The touchpoints from the consumer’s interest in an item to a completed sale are many, varied and complex, and the ability to track that journey through the capture of data is paramount to the landlords and the tenants agreeing appropriate and workable performance metrics. It must be recognised that if there is to be a step change through understanding and leveraging off of these data, there needs to be collaboration, agreement and innovation around the data whilst, at the same time, addressing the issue of privacy in how the data are captured, managed and utilised.
Where does value lie?
The Achilles’ heel of alternative leasing models has been the perception (and indeed often the reality) that value is eroded. However, whilst that may be the case for some, it is not the case for all. The factory outlet centre appears to have enjoyed a measure of success over its big cousins in the shopping centres in recent years. Clearly this cannot be wholly attributed to the lease structures adopted, and there will inevitably be other forces at play, but it does demonstrate that there is life (and value) beyond the fixed rent, full repairing and insuring lease model.

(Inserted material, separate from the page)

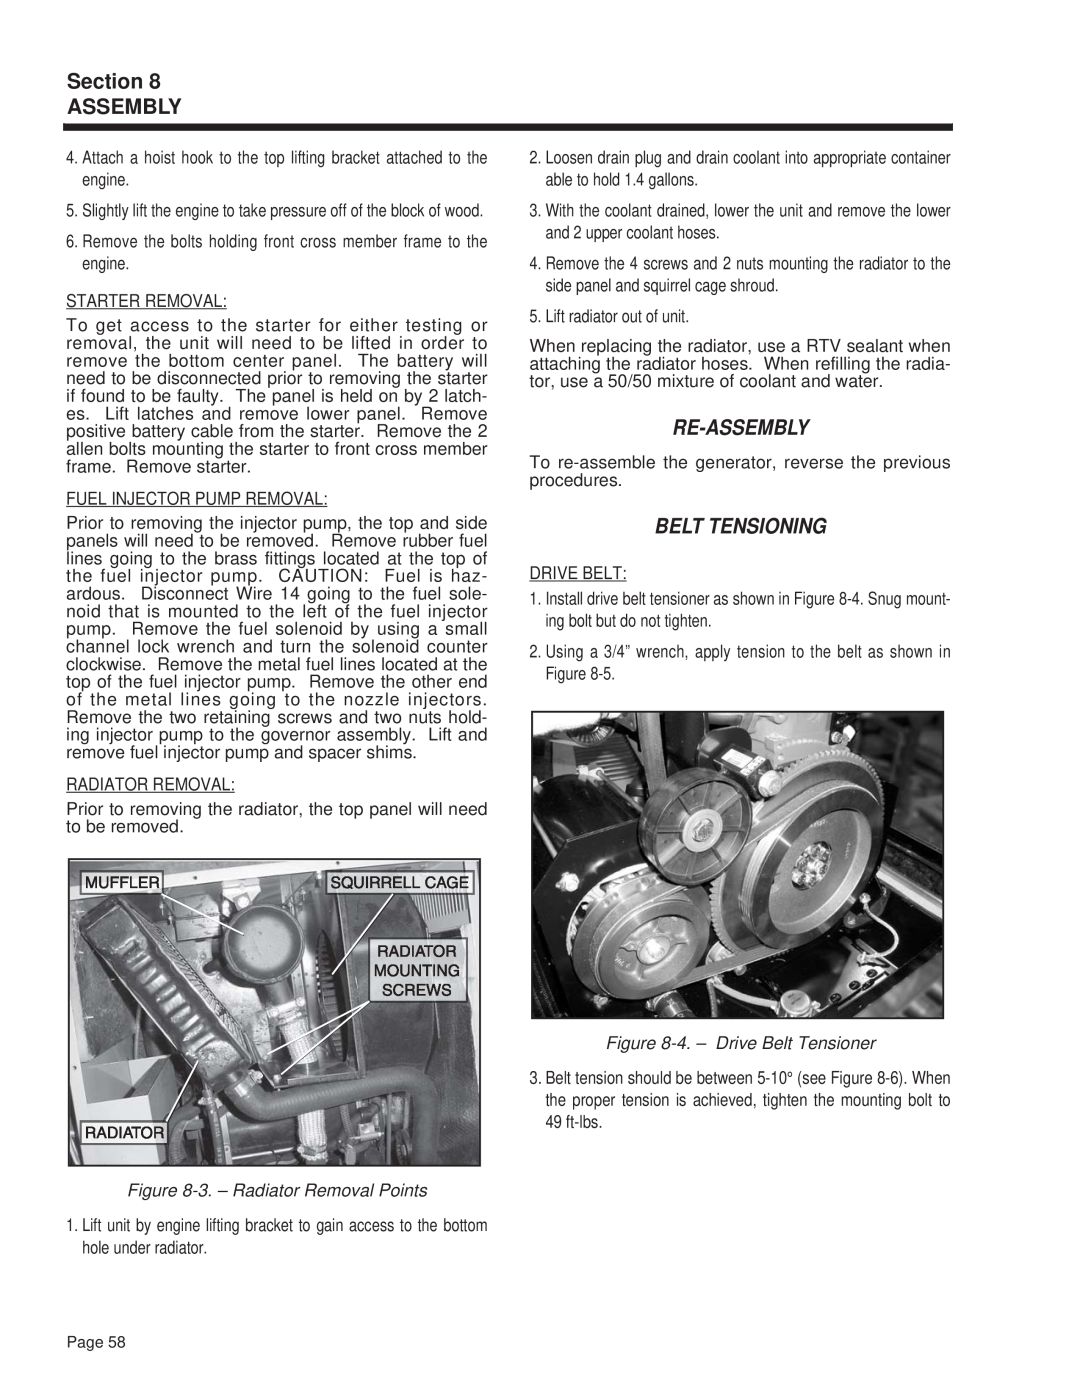 Guardian Technologies 4270 manual Re-Assembly, Belt Tensioning, 3. - Radiator Removal Points, 4. - Drive Belt Tensioner

Each of the available alternative leasing models, as indeed the fixed rent model, has a role to play in the landlord and tenant relationship of tomorrow. However they are not without their challenges, be it the impact on value or the inability properly to recognise the physical store’s contribution to online sales or the embryonic stage of the alternative performance metrics model. The landlords and tenants of tomorrow, if they are to navigate their way out of the current fragile market, will require to adopt the most appropriate leasing structure for their property, one which is flexible and dynamic in the way it not only aligns the tenant’s performance from the unit and the landlord’s asset management skills but which also provides low risk with a diversified but consistent income growth.
Question of survival
Both landlords and tenants have their interests to protect and may be reluctant to engage fully with each other. However, if a step change in the landlord and tenant relationship is not achieved, the retail collapses of the recent past may continue unabated and the voids that will inevitably follow may lead to the closure of the shopping centre. That, in turn, may lead to the potential collapse of landlords unable to remedy covenant breaches associated with the drop in rental income, not least as a result of the current pandemic.
Whilst the future of retailing does not rest in the hands of the landlords and tenants alone, they have a significant role to play in shaping a sustainable environment that will allow retailing to flourish in the years ahead. However, both landlords and tenants do need to come out of the other side of the current pandemic first. What is clear is that the pace of change in e-commerce, retailing and big data analytics on consumer behaviours and patterns is unprecedented, and landlords and their tenants cannot afford for their respective businesses to be left behind in the digital stone age, pandemic or no pandemic.
“It is not the strongest of the species that survives, nor the most intelligent that survives. It is the one that is most adaptable to change.” So says Charles Darwin in his Origin of Species.